Segundo Nirson Medeiros da Silva Neto (2010, p. 8441), em artigo apresentado no Conselho Nacional de Pesquisa e Pós-Graduação em Direito - CONPEDI as mulheres quebradeiras de coco babaçu resistem à investida dos catadores de coco, pois creem que a atividade praticada por eles implica na degradação da identidade de mulher quebradeira, e é nesse sentido, que as mulheres quebradeiras incluíram na agenda de suas reivindicações o combate aos catadores de coco, já que representam a degradação do babaçual e a dependência das indústrias de processamento do coco inteiro e dos atravessadores. O catador recolhe os cocos, não importando se verdes ou maduros, nas palmeiras ou no chão e os amontoam para recolhimento pelos veículos que farão o transporte e são conhecidos como “gaiolões” ou

caçambas, cujos donos são os intermediários na venda ou mesmo prestam serviço para as indústrias de óleos vegetais ou de ferro gusa.

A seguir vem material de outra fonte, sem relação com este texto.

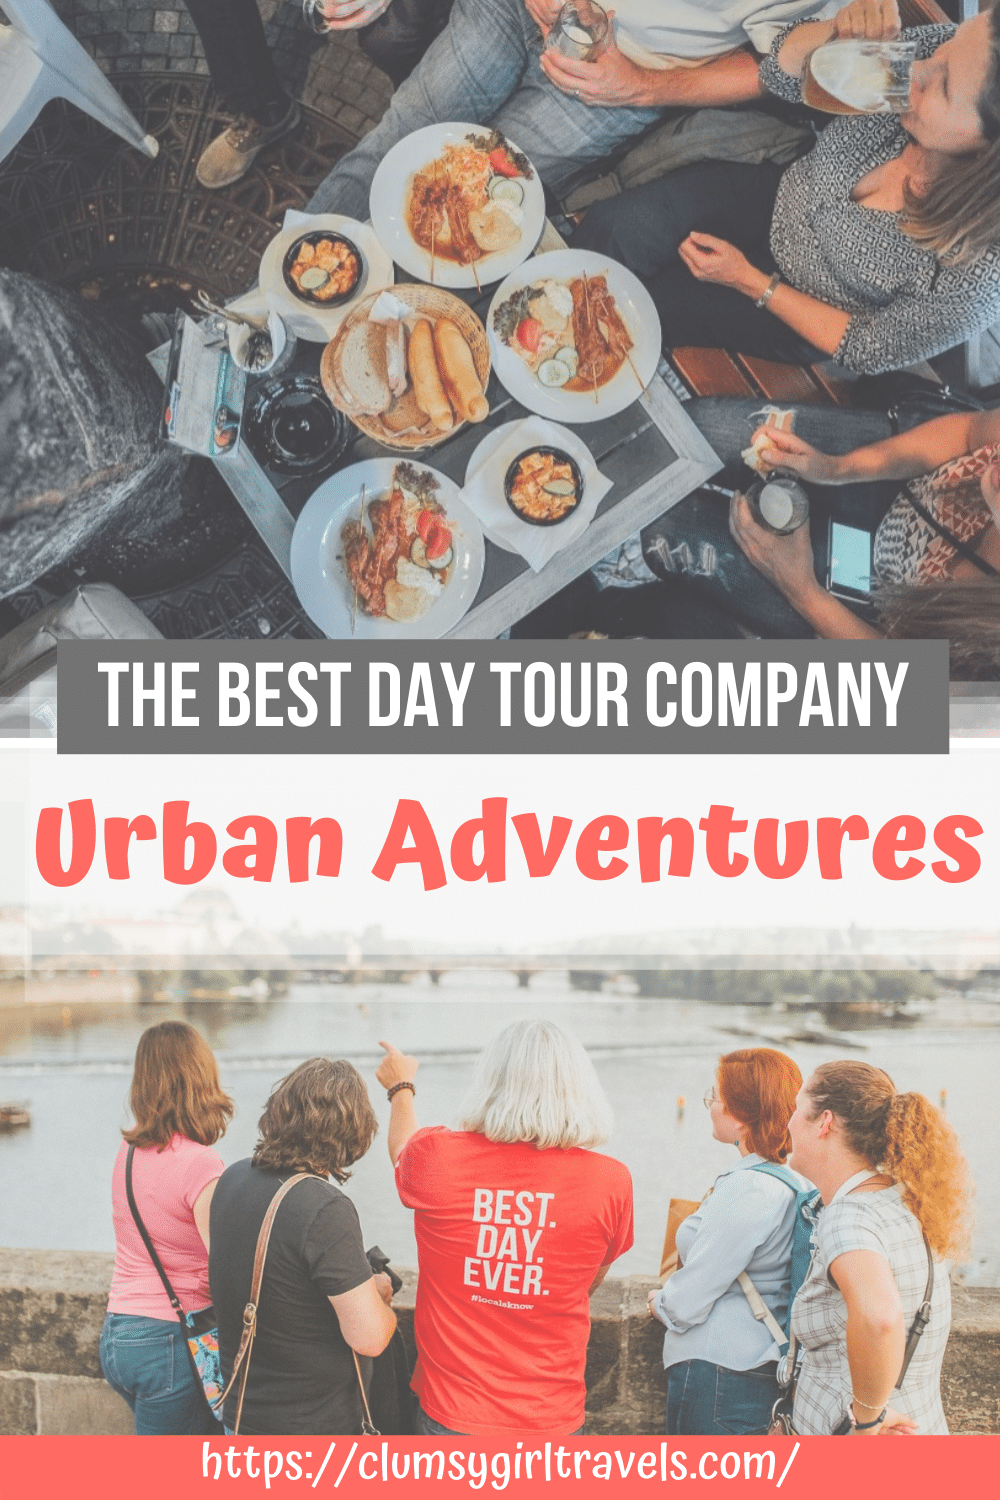 Urban Adventures is an amazing tour company with tours all over the world. They show you a unique and different aspect of a city. Book you tour today! #urbanadventures #tourcompany

Para realizar esse trabalho de coleta do coco inteiro esses homens não necessitam de qualificações anteriores, somente de força física e estar na faixa etária entre 17 a 35 anos, preferencialmente. As “novas estratégias empresariais” de recrutamento desses homens catadores são responsáveis pelas relações de trabalho entre as indústrias e os trabalhadores eventuais, que muitas vezes se desenvolvem sob formas análogas à escravidão, pois, como não são organizados, ficam sem capacidade de reivindicar direitos e sem laços de coesão política, o que os leva a se tornarem reféns de dívidas com os denominados fornecedores, mas o diferencial entre esses catadores e as mulheres quebradeiras baseia-se em dois pilares: os catadores são essencialmente homens e sem qualificação, fatores que contribuem para o processo de devastação, enquanto as quebradeiras são, na quase totalidade, mulheres e detêm saberes práticos sobre a região do babaçu e sua coleta, quebra e beneficiamento.

Logo, o trabalho desenvolvido pelas mulheres quebradeiras opõe-se diretamente ao da figura do catador, pois como são detentoras de conhecimentos específicos auxiliam na proteção do meio ambiente quando zelam pelos olhos d’água, selecionam as palmeiras que produzem os melhores frutos, não cortam os cachos, separam os cocos, já previamente selecionados, e quebram a casca do babaçu para retirar as amêndoas, que são extraídas intactas. São formas de trabalho que colidem, pois as mulheres quebradeiras não estão submetidas a salário, desenvolvem sua atividade em família e têm prévio conhecimento sobre como coletar e quebrar o coco, portanto, para as mulheres quebradeiras, o coco representa a tradição e a forma pela qual tiram seu sustento sem agressão à natureza, contrariamente agem os catadores que realizam a cata do coco em troca de pagamento e não estão preocupados se a sua atividade contribui ou não para o processo de devastação do babaçu.

De acordo com Silva Neto (2010, p. 8451), a atividade desenvolvida pelos catadores de coco se apresenta como nociva e degradante à natureza, em virtude o cunho utilitário que carrega, contrastando com o simbolismo e com a ressignificação da imagem historicamente construída das mulheres quebradeiras.